SCIENTIST - Research Agent

The SCIENTIST agent conducts research on the selected competition. It analyzes leaderboards, searches for relevant papers and notebooks, and summarizes strategies.

Role

Analyze leaderboard score distribution
Surface relevant notebooks and research
Summarize dataset characteristics
Recommend modeling approaches

Tools

Tool	Purpose
`analyze_leaderboard`	Summarize leaderboard stats
`get_kaggle_notebooks`	Find top notebooks for the competition
`analyze_data_characteristics`	Inspect dataset structure
`compute_baseline_estimate`	Estimate a baseline score
`kaggle_*` toolset	Kaggle API helper tools
`web_search` (builtin)	Retrieve papers and discussions
`memory` (builtin)	Shared notes (Anthropic only)

Basic Usage

from agent_k.agents.scientist import ScientistDeps, scientist_agent

competition = await kaggle_adapter.get_competition("titanic")

deps = ScientistDeps(
    http_client=http,
    platform_adapter=kaggle_adapter,
    competition=competition,
)

run_result = await scientist_agent.run(
    "Research the provided competition and summarize approaches",
    deps=deps,
)

output = run_result.output
print(output.recommended_approaches)

Dependencies

from dataclasses import dataclass, field
from typing import Any
import httpx

@dataclass
class ScientistDeps:
    """Dependencies for the SCIENTIST agent."""

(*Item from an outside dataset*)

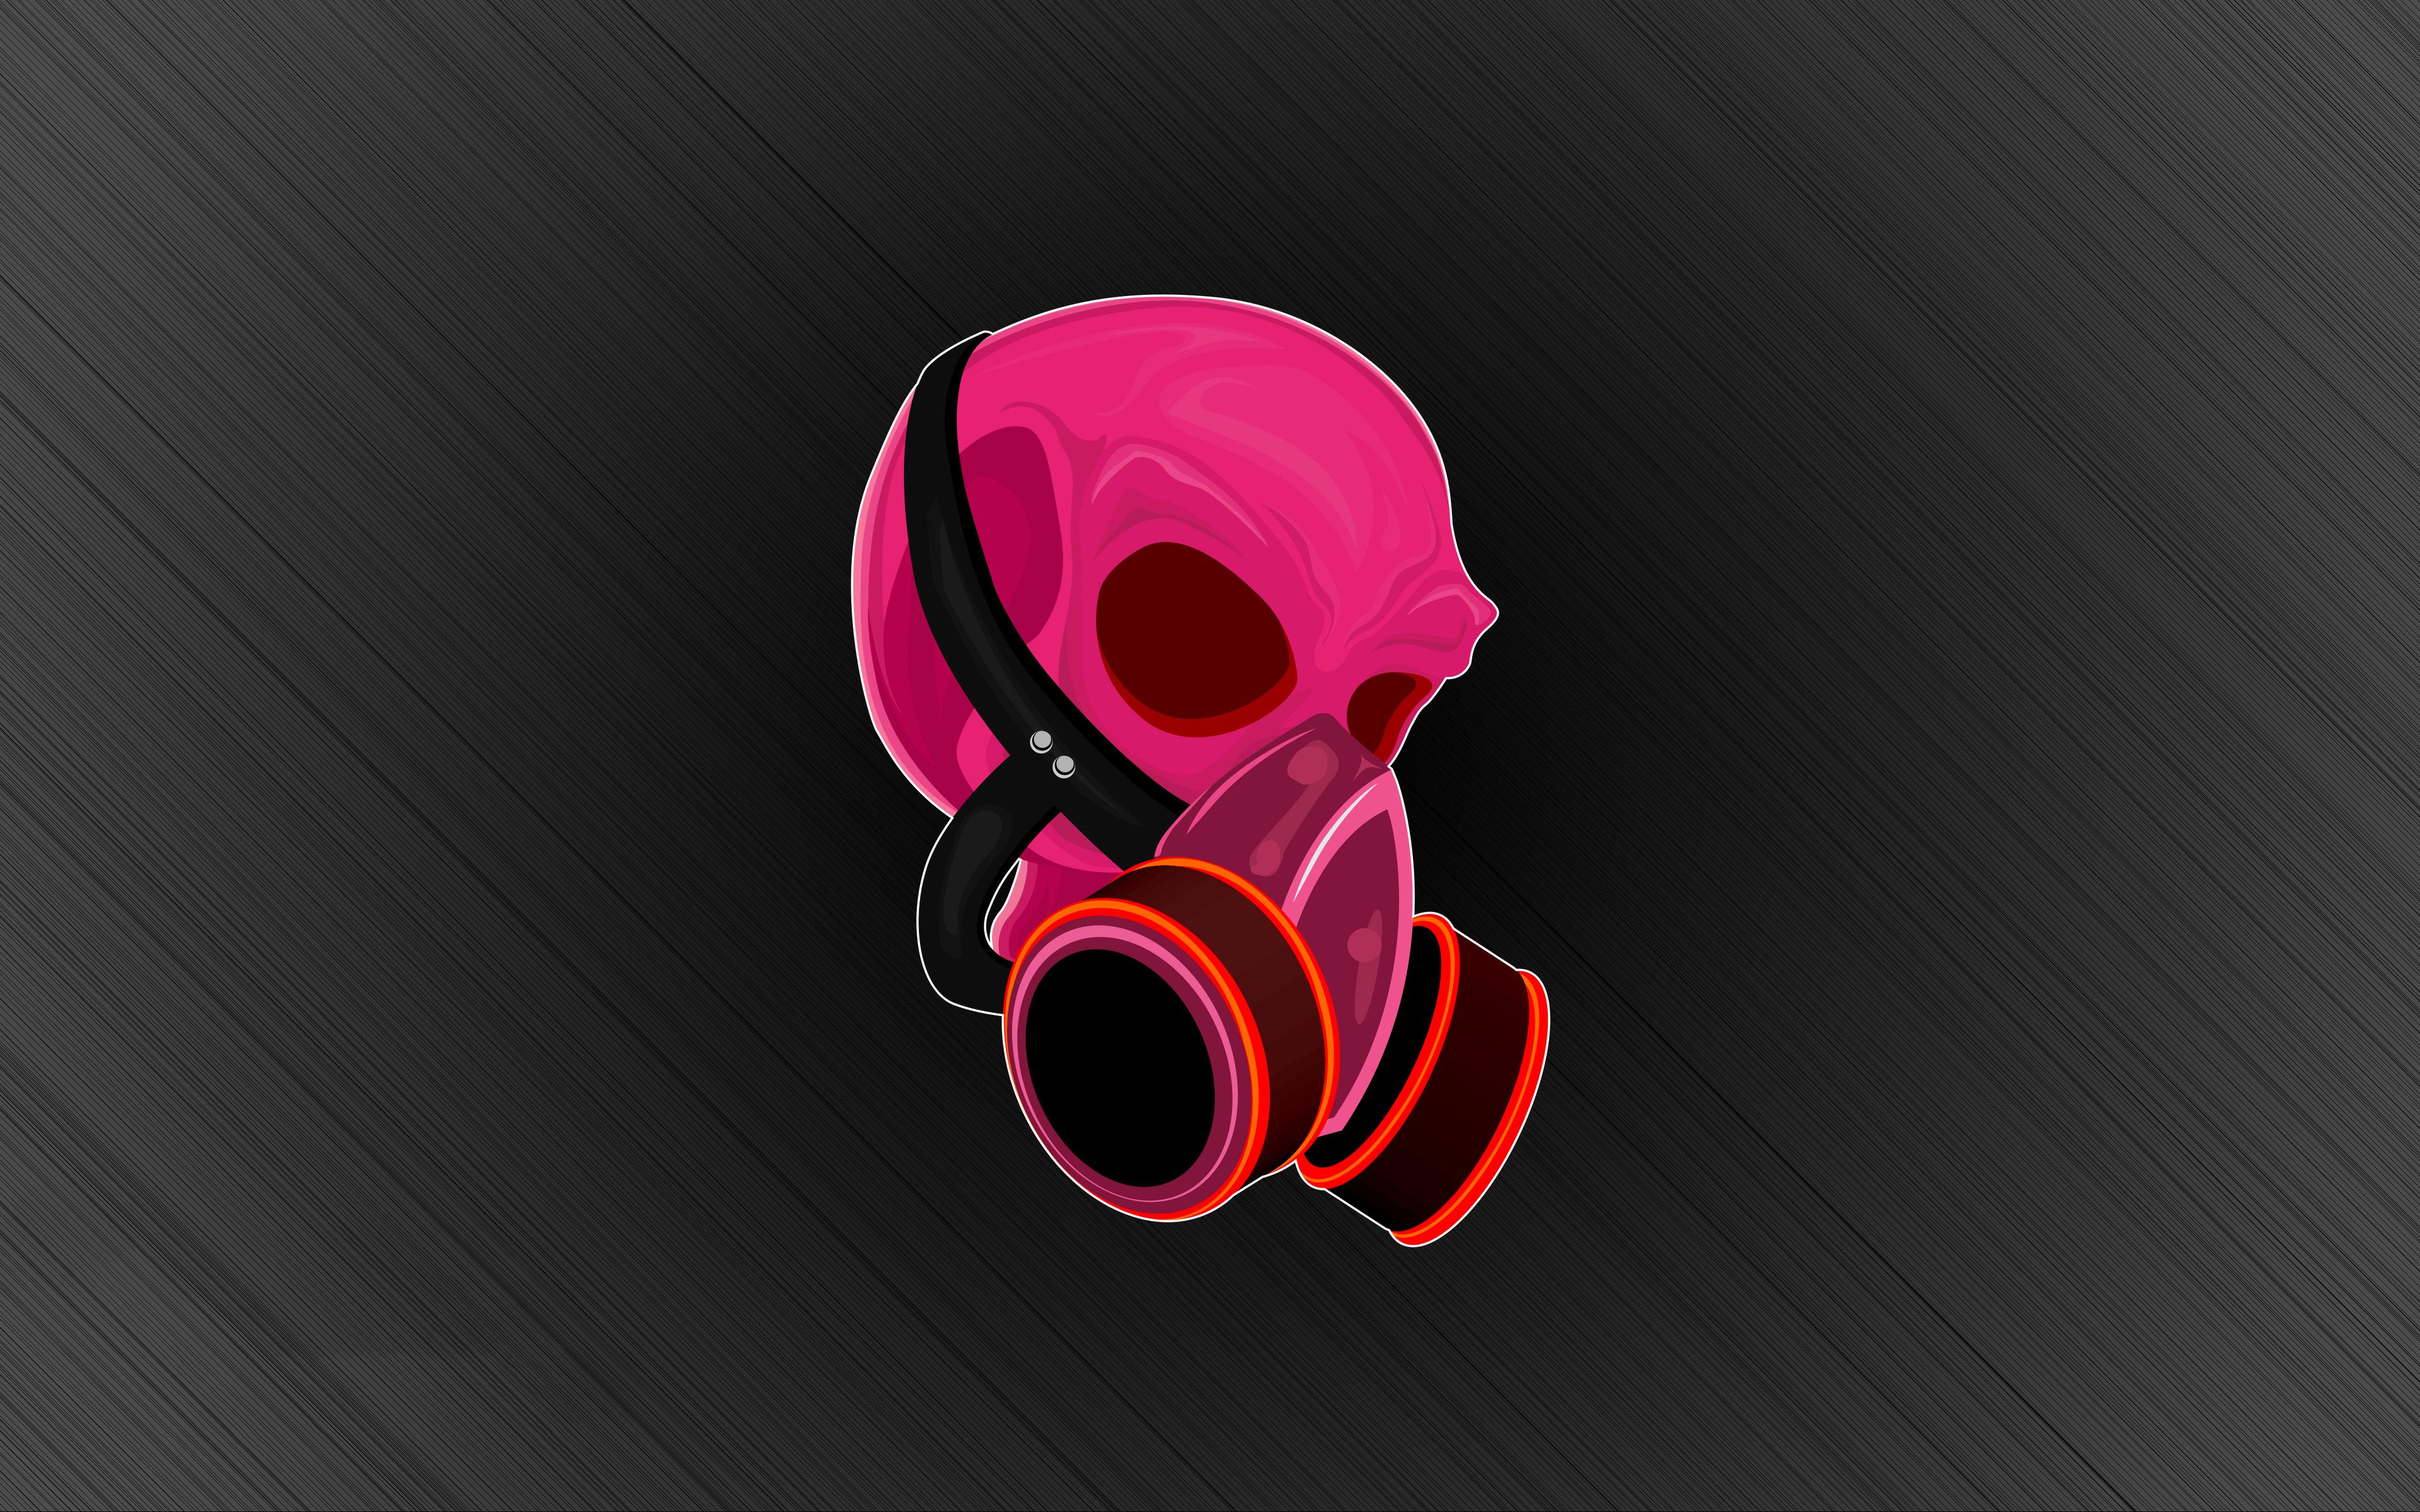 skull-minimal-5k-r6.jpg

    http_client: httpx.AsyncClient
    platform_adapter: PlatformAdapter
    competition: Competition
    leaderboard: list[LeaderboardEntry] = field(default_factory=list)
    research_cache: dict[str, Any] = field(default_factory=dict)

Output Model

class ResearchFinding(BaseModel):
    """Individual research finding."""

    category: str
    title: str
    summary: str
    relevance_score: float
    sources: list[str]

class LeaderboardAnalysis(BaseModel):
    """Leaderboard statistics summary."""

    top_score: float
    median_score: float
    score_distribution: str
    common_approaches: list[str]
    improvement_opportunities: list[str]

class ResearchReport(BaseModel):
    """Output from SCIENTIST research."""

    competition_id: str
    domain_findings: list[ResearchFinding]
    technique_findings: list[ResearchFinding]
    leaderboard_analysis: LeaderboardAnalysis | None
    recommended_approaches: list[str]
    estimated_baseline_score: float | None
    key_challenges: list[str]

Notes

The SCIENTIST output is converted into a simplified ResearchFindings object by the mission graph.
The memory tool is only available for Anthropic models.